Jeudi 3 septembre à six heures du matin, six fonctionnaires de la police judiciaire et de la brigade anti-terroriste étaient à mon domicile
, alors que mon épouse et moi étions absents.Sans l’intervention d’une voisine, alertée par le vacarme, ils auraient probablement enfoncé la porte. Après avoir pris rendez vous, ils sont revenus le lendemain matin pour procéder à une perquisition, prise d’ADN , échantillon graphologique et interrogatoire. Je me suis opposé à la perquisition au relevé d’écriture et à la prise d’ADN. N’ayant pas de mandat de perquisition, ils ont été obligés d’en demander un au procureur anti-terroriste du tribunal de grande instance de Paris. Le procureur a refusé de délivrer ce mandat !
Cela s’est produit dans le cadre de la chasse au "corbeau" qui, selon la presse, mobilise la fine fleur de la police nationale. Jeudi 3 septembre il y avait près de 150 policiers mobilisés :brigade anti-terroriste, direction
centrale du renseignement intérieur, police judiciaire parisienne, pilotés par un procureur anti-terroriste du tribunal de grande instance de Paris.
Une vingtaine de personnes ont été interrogées, perquisitionnées à 6 heures du matin, 11 mises en garde à vue pour trois jours, sans possibilité de contact extérieur.
La presse a abondamment fait état des pressions exercées "en haut lieu" sur la police. L’arrestation d’un corbeau psychopathe qui signe "cellule 34" présente peu d’intérêt pour le pouvoir, par contre l’arrestation d’un groupe terroriste offre des possibilités d’exploitation politique.

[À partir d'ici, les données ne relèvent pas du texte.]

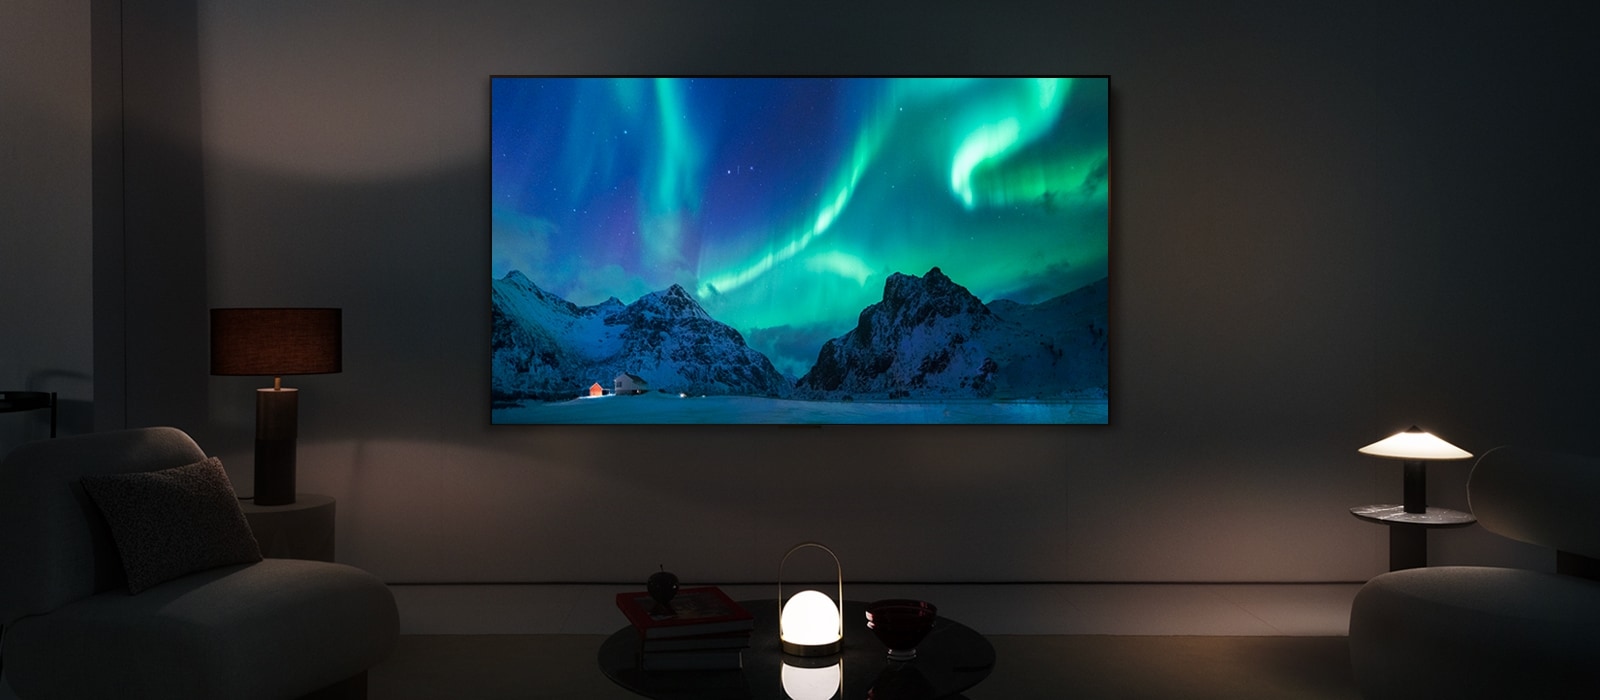 El televisor LG OLED y una barra de sonido LG en un espacio moderno durante la noche. La imagen de la aurora boreal se muestra con los niveles de brillo ideales.

La police va donc tenter de le fabriquer de toute pièces.
A un buraliste, militant communiste, on a donné le rôle du suspect principal, au prétexte qu’il envoie de nombreuses lettres, parfois un peu rudes, aux élus et qu’il s’agit d’un ancien légionnaire. Contrairement au corbeau il signe ses lettres. Il n’est pas le seul à posséder des armes et des balles dans un secteur où CPNT a réalisé jusqu’à 45 % des voix. Mais tous les possesseurs
d’armes ne sont pas des corbeaux potentiels !
Autour de lui, pour donner consistance au "groupe terroriste" la police va embarquer des militants communistes et des clients du bureau de tabac. Un plâtrier qui attendait l’ouverture du magasin pour acheter son paquet de cigarettes a lui aussi été embastillé. Et pour faire bonne mesure la police s’intéresse aux militants syndicaux et associatifs.
Les notables locaux de l’UMP ont eux aussi été inquiétés. Est-ce pour faire croire qu’il ne s’agit pas d’une manoeuvre politique, ou parce qu’ils fréquentent le bureau de tabac, ou bien parce qu’ils sont opposants à l’élu local ? Comment a été constituée la listes des personnes qui ont eu affaire à la police ? La question reste posée. La police a contacté les maires du secteur pour leur demander si dans leur commune il y aurait des gens susceptibles d’être des suspects. Midi Libre remarque fort justement que le seul point commun entre toutes les personnes auditionnées était de s’être opposées à un moment ou un autre au député (PS), maire de Saint Pons, vice président du conseil général, vice président de la communauté de communes...
Quand j’ai demandé à un des policiers quels étaient les indices qui l’avaient conduit à venir m’interroger, il a reconnu qu’après le suspect n°1 et quelques proches, les citoyens militants étaient prioritairement ciblés. Était ce pour faire nombre ou pour les intimider ?
Malgré la pression mise sur les personnes en garde à vue, la police a du les libérer faute d’avoir la moindre preuve. On pouvait craindre que se reproduise l’injustice dont a été victime Julien Coupat, incarcéré pendant plus de six mois, suspecté, sans le moindre indice ni la moindre preuve, d’avoir formé une « cellule invisible » à laquelle est imputé le sabotage d’une caténaire de TGV.
Tout ceci est emblématique d’une police qui déraille sous la pression d’un pouvoir qui perd les pédales, et qui préfère fabriquer des faux coupables plutôt que de prendre le temps de trouver le vrai...s’il existe. C’est de la police spectacle, police bling-bling !
Pour analyser les écritures,les policiers ont dicté "Le corbeau et le renard" à ceux qui ont été interrogés (preuve qu’ils ont de l’humour !). Si le corbeau est celui qui écrit les lettres de menace, le rusé renard ne saurait en aucun cas représenter la police. Le corbeau n’a pas lâché son fromage, et les poulets ont fait chou blanc. Maintenant il reste à dénoncer les procédés, demander des explications et exiger réparation pour le préjudice moral subi.
Jean Sabench, apiculteur est porte parole de la commissions Pesticide de la Conf Paysanne.